The New Zealand Venture Investment Fund is likely to invest into a number of new venture capital funds, following the government’s announcement of a new $40 million underwrite commitment to NZVIF’s venture capital programme.

NZVIF chief executive Franceska Banga said the $40 million underwrite commitment will enable NZVIF to make new investment commitments to another two, or possibly three, venture capital funds, up to a total of $200 million of investment commitments.

“The government has already committed $160 million to our venture capital programme, and this capital is close to fully committed with six existing venture capital funds and two new funds in the pipeline.

“This $40 million underwrite commitment will enable NZVIF not only to make new fund commitments, but also enables us to reinvest the returns from our existing funds into new venture capital funds.

“It is a timely announcement.  We have seen a significant rise in the level of angel investment into start-ups over the past few years.  The most successful of those companies are now developing to the stage where they will require new investment to assist their growth, particularly as they start to look build presence in offshore markets.  We hope that new venture capital funds can fill that funding gap for promising new companies. Then the companies can stay in New Zealand for longer, and local investors can reap a greater share of their success.

“NZVIF will now consider the best option for committing to new private sector venture capital funds.  We expect to make an announcement within the next few weeks on our preferred pathway forward.”

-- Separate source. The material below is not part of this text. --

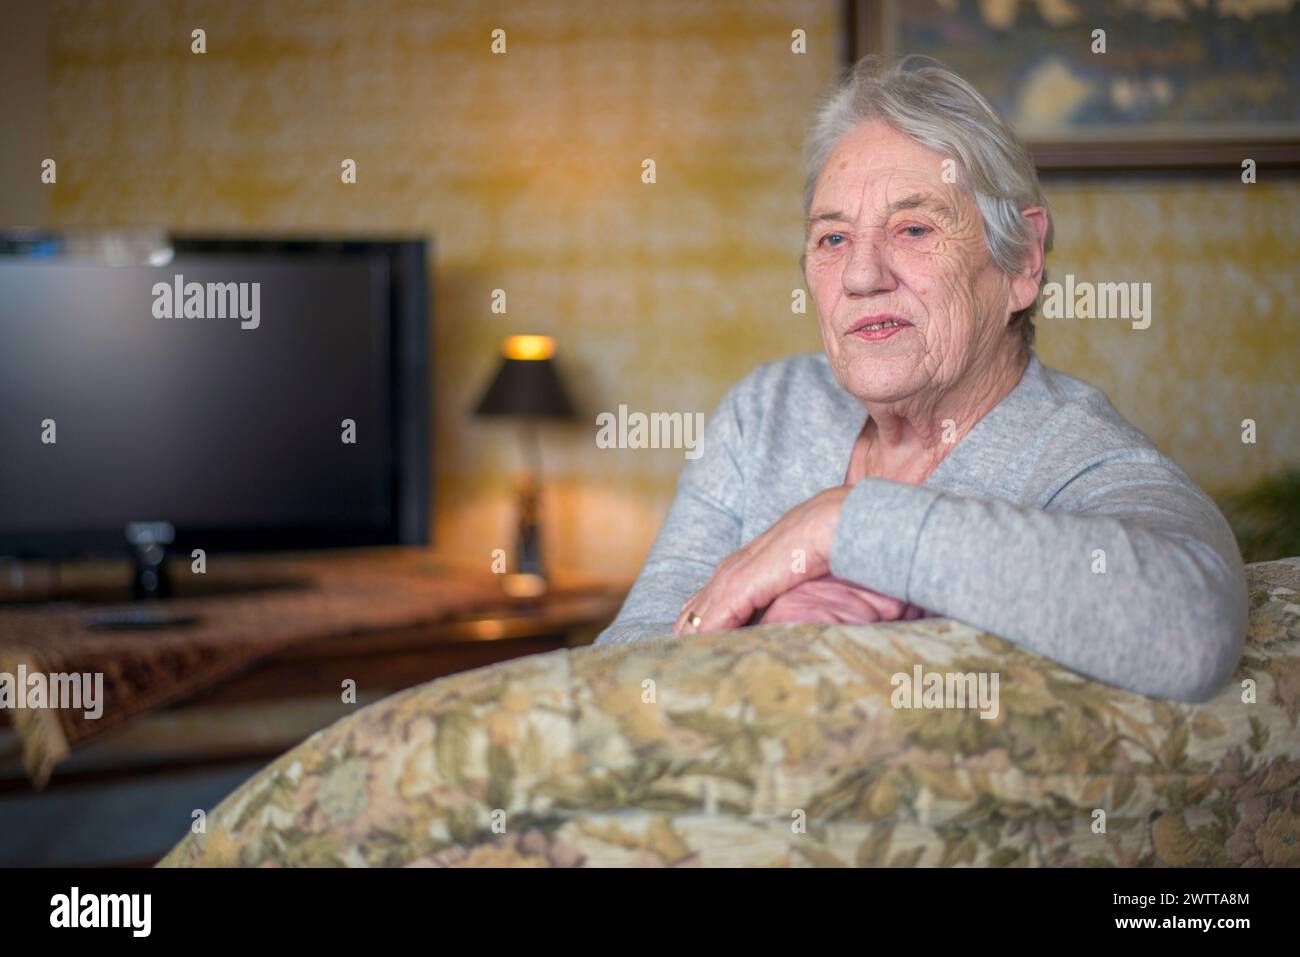 Elderly woman relaxing at home with a warm, contented smile. Stock Photo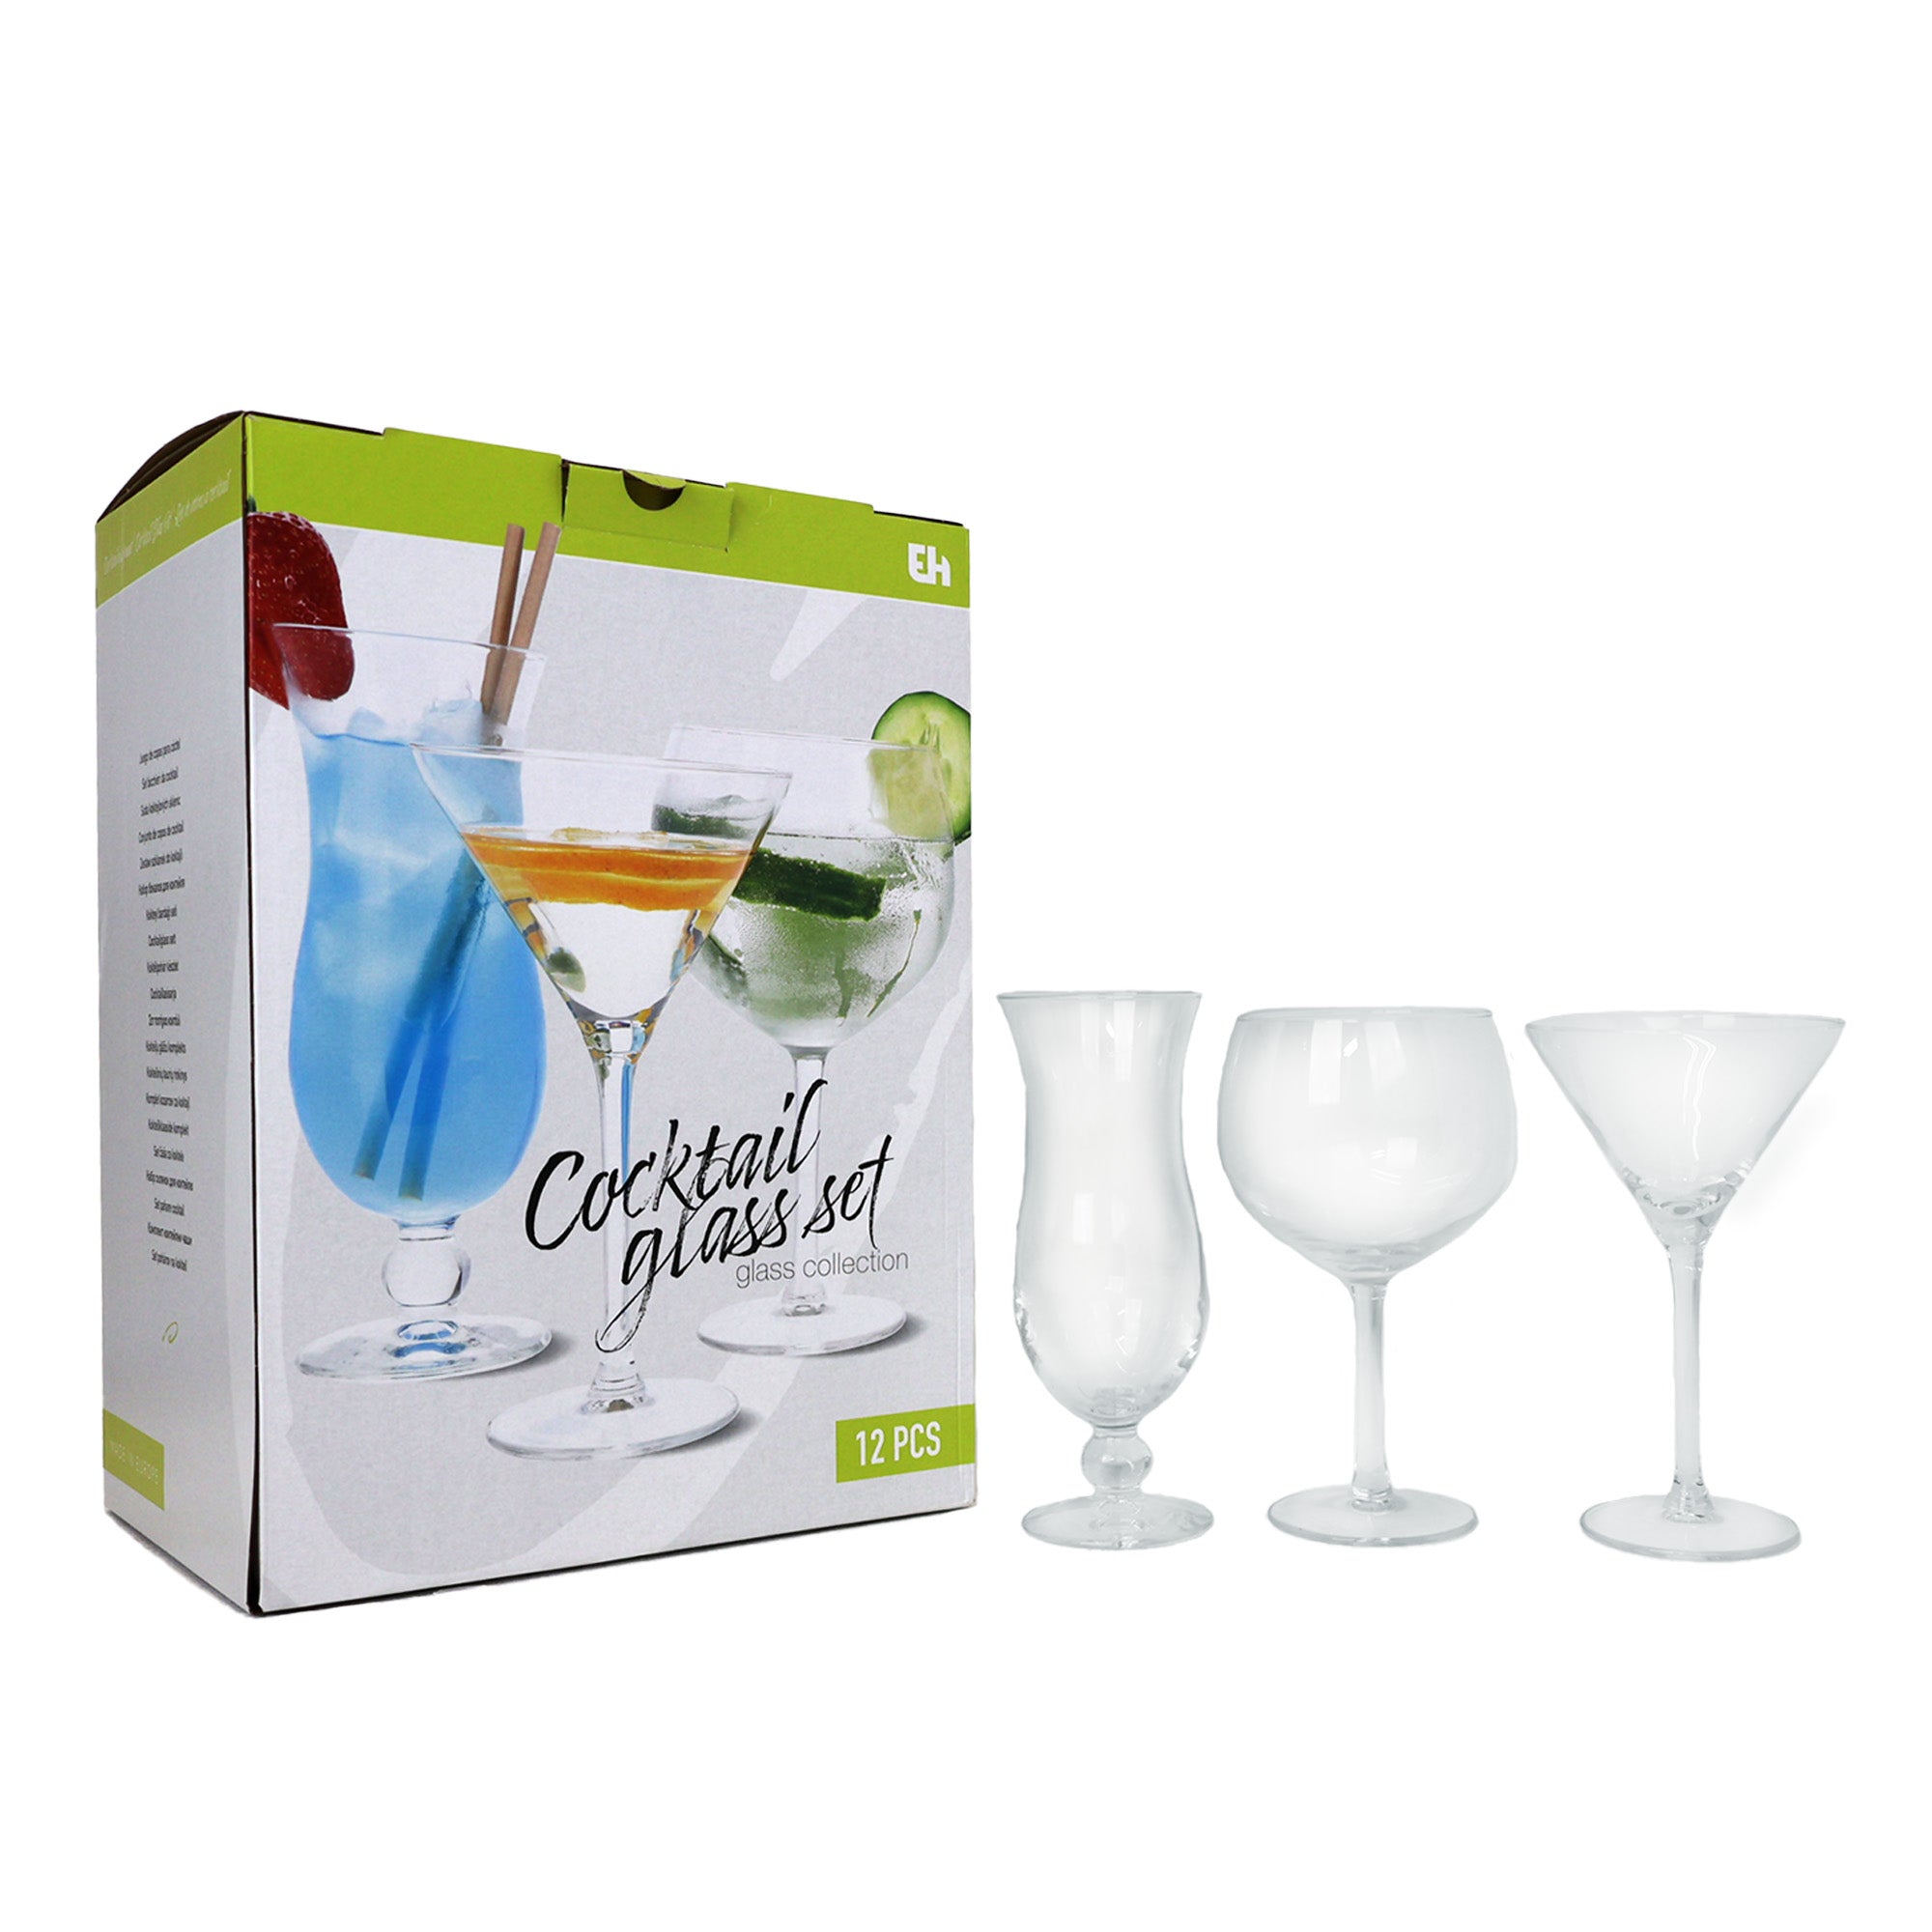 Cocktail Glasses Set of 12 Pieces - Martini, Gin & Tonic, Hurricane

Report on the Angel Investment Landscape in NZ

The inimitable Bill Payne has written his final report to NZVIF and The ICEHOUSE on his findings about the entrepreneurial landscape in New Zealand, based on his six-month tenure on our shores, and it makes very interesting reading.

The good news:

  • Kiwi entrepreneurs and their ventures are on par with their US counterparts in terms of quality
  • The angel investment scene in NZ is very active and developing rapidly
  • Incubators are starting to show promising in commercialising laboratory-based innovation
  • The NZ Government’s commitment to start-up business is laudable.

The bad news:

  • Like their overseas counterparts, NZ entrepreneurs lack sufficient understanding of marketing, sales channels, capital source, governance, and competitive analysis
  • Too much incubator support of angel groups has led to “spoiled angels” who are not engaged enough in the entire deal-flow process or mentoring portfolio companies
  • The Valley of Death between $2m-$5m dollars looms larger than ever given the global financial climate
  • Current tax regimes discourage investment for trade sale exits.

Key suggestions:

  • Entrepreneurs should get a footing in local markets before attempting to sell offshore
  • Companies wanting to get funding should stop writing Investment Memoranda (IMs) and focus on succinct business plans instead
  • Angel groups should seek to more fully engage their members in all aspects of investment and post-investment activities, rather than relying on external sources
  • Angels should upskill themselves through better education programmes
  • NZVIF should not focus on creating more large conventional VC ($100m+) funds, but instead focus on creating 2-5 new smaller ($60-80m) funds
  • Companies that need more than $5m investment should become successful offshore, and then raise that investment in their target markets
  • Tax rules should be modified to clarify the tax ramifications of share options, as well as to better facilitate and encourage angel investment.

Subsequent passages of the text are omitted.